Data provided >>
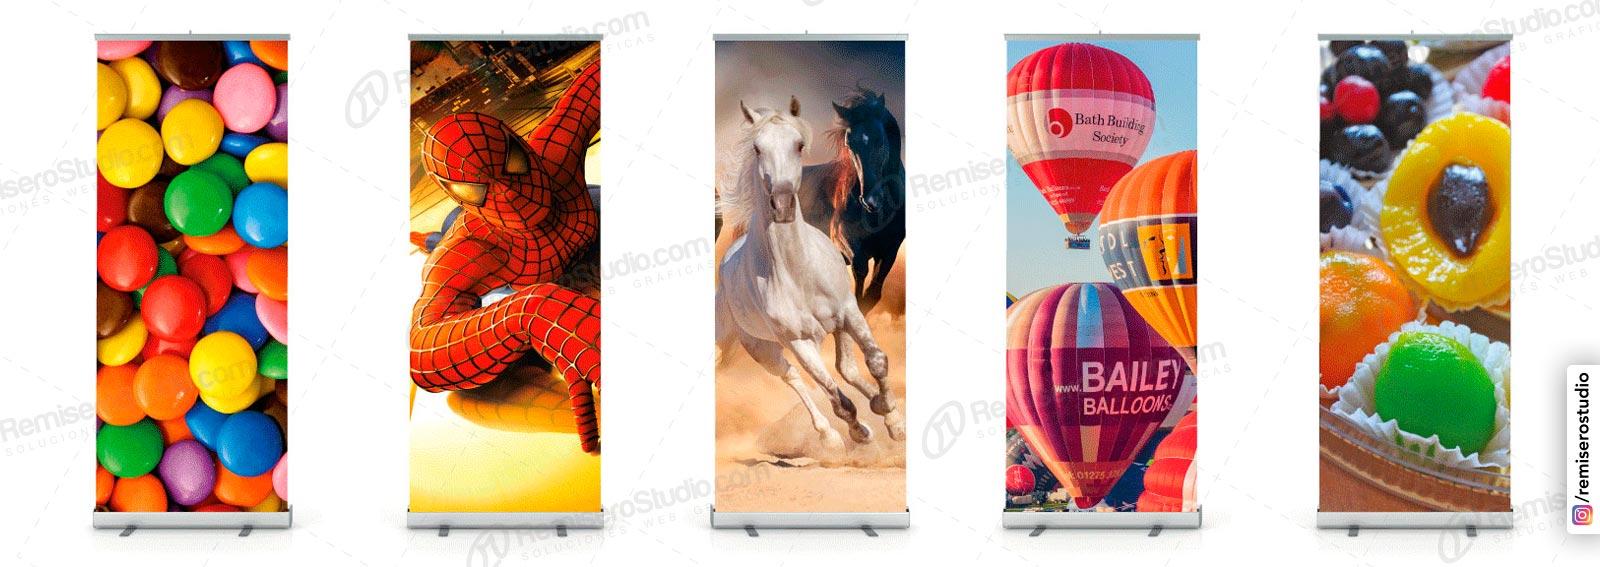 Roll Up banner o Roll Screen de 1 x 2 metros: Parante publicitario de aluminio para banner impreso a full color en alta resolución: 1440 dpi, incluye maletín
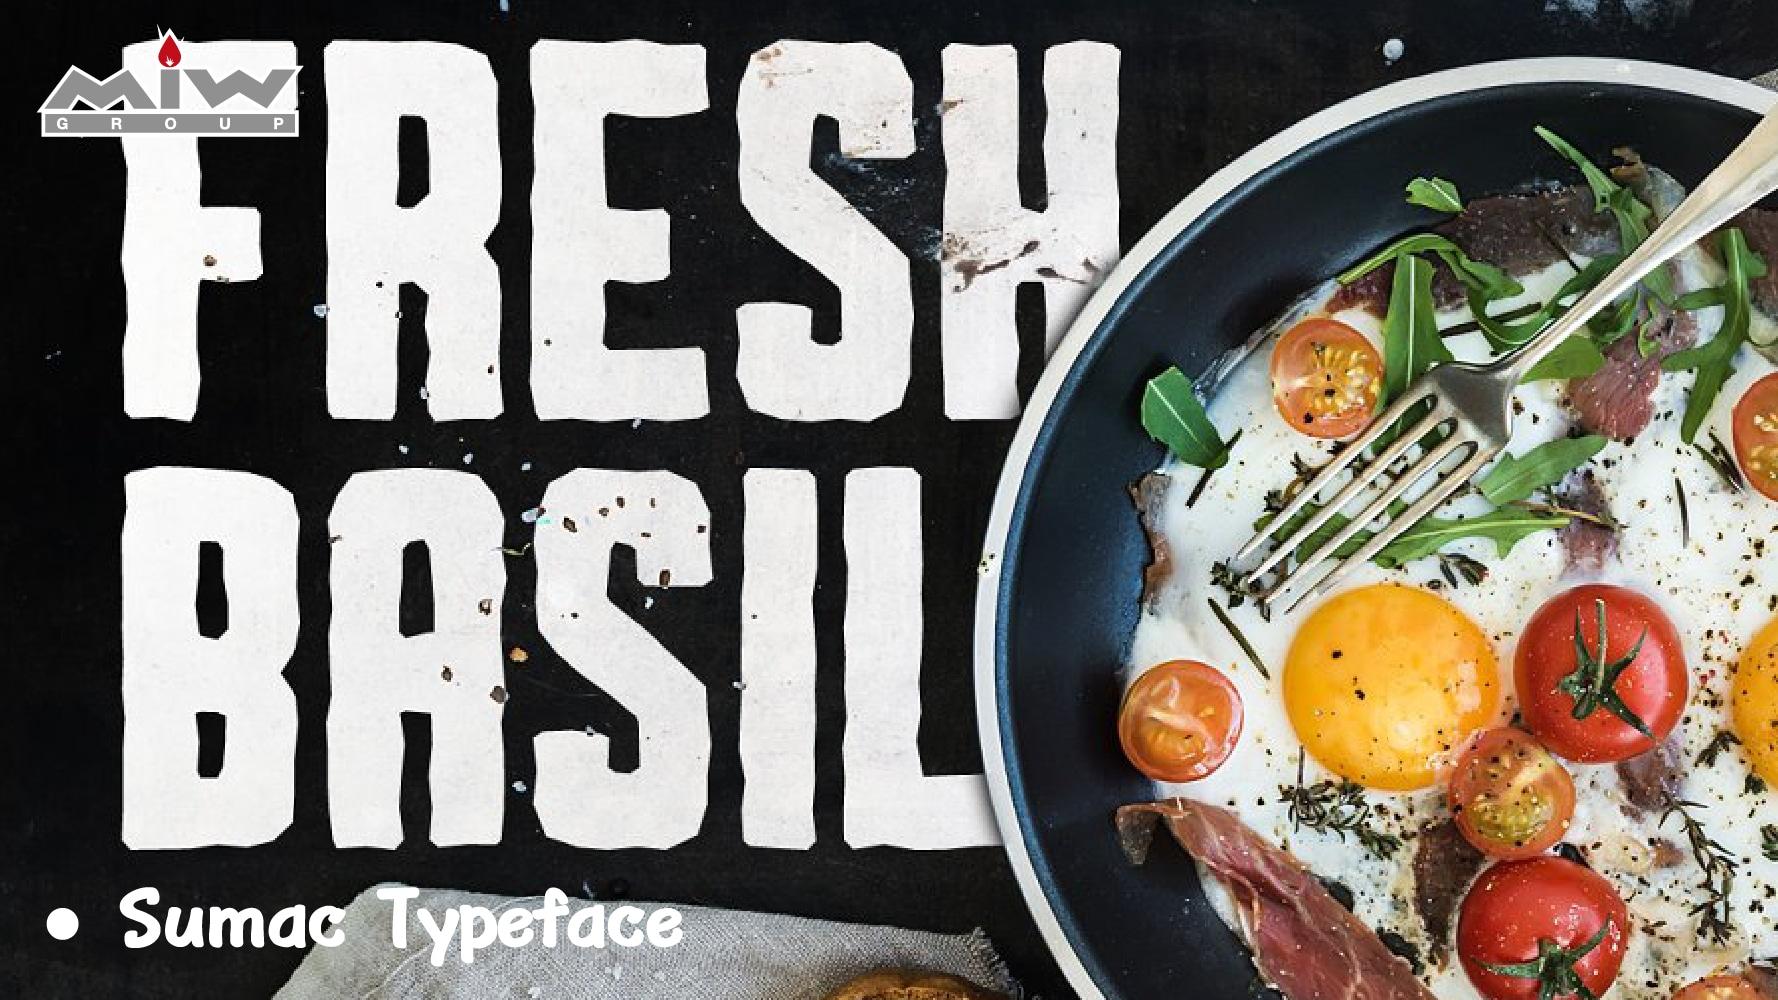 Font Sumac Typeface - 7 ฟอนต์สวย ๆ น่ารัก ๆ ที่ช่วยให้อาหารน่าทานยิ่งขึ้น
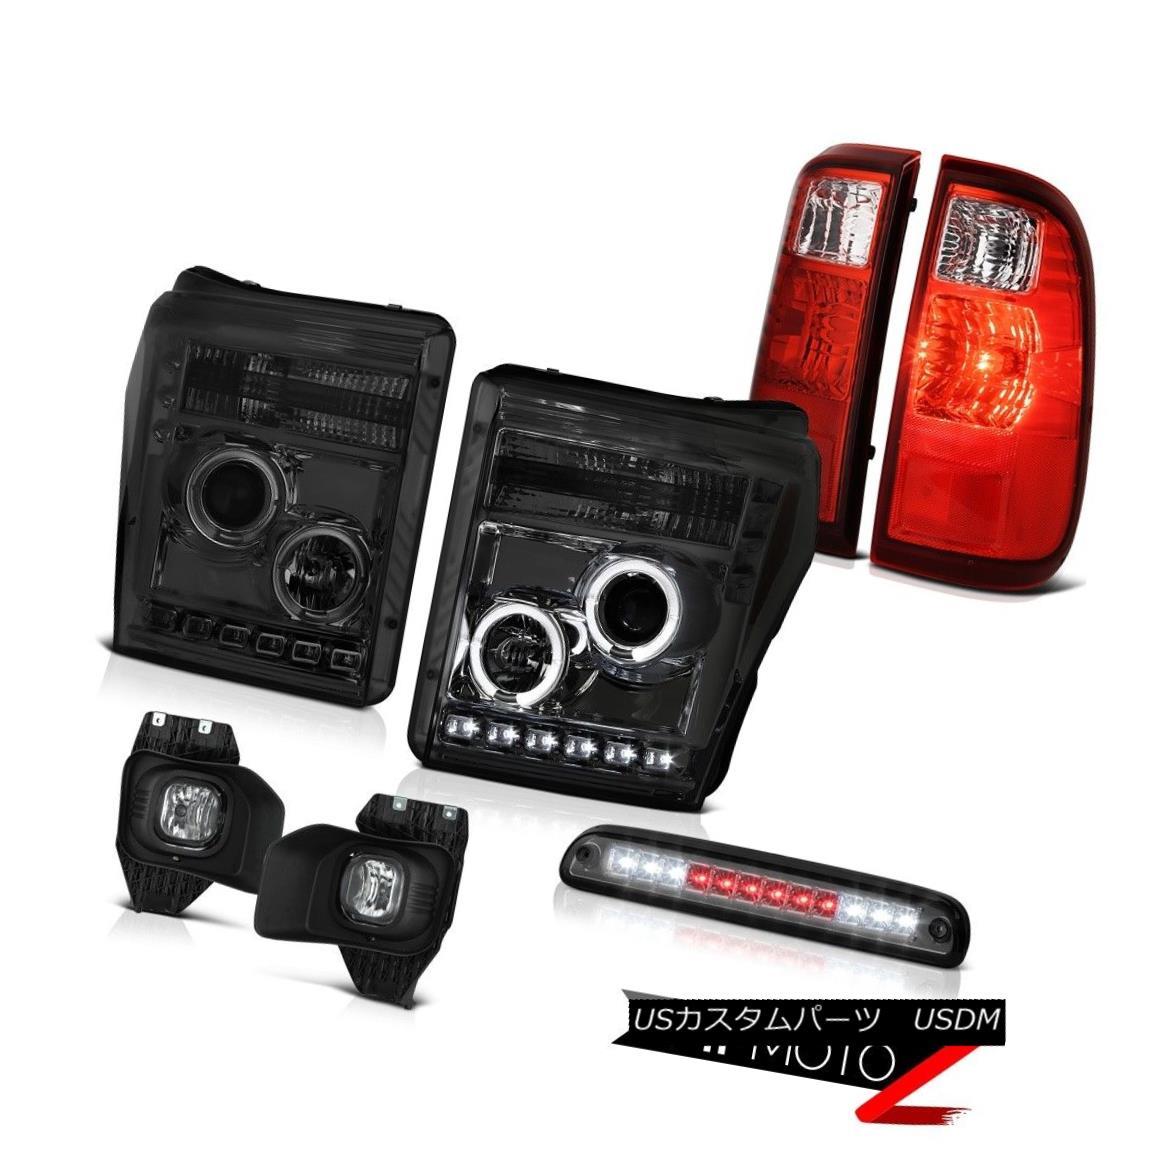 ヘッドライト 11-16 F350 6.7L 3RD Brake Light Fog Lights Wine Red Rear Headlamps Angel Eyes 11-16 F350 6.7L 3RDブレーキライトフォグライトワインレッドリアヘッドランプエンジェルアイズ

What needs to be done >>
In the listing, find the line with "Font Sumac Typeface" and retype exactly from there through the last line, both included, leaving the pictures out.

Answer for the task >>
 Font Sumac Typeface - 7 ฟอนต์สวย ๆ น่ารัก ๆ ที่ช่วยให้อาหารน่าทานยิ่งขึ้น
 ヘッドライト 11-16 F350 6.7L 3RD Brake Light Fog Lights Wine Red Rear Headlamps Angel Eyes 11-16 F350 6.7L 3RDブレーキライトフォグライトワインレッドリアヘッドランプエンジェルアイズ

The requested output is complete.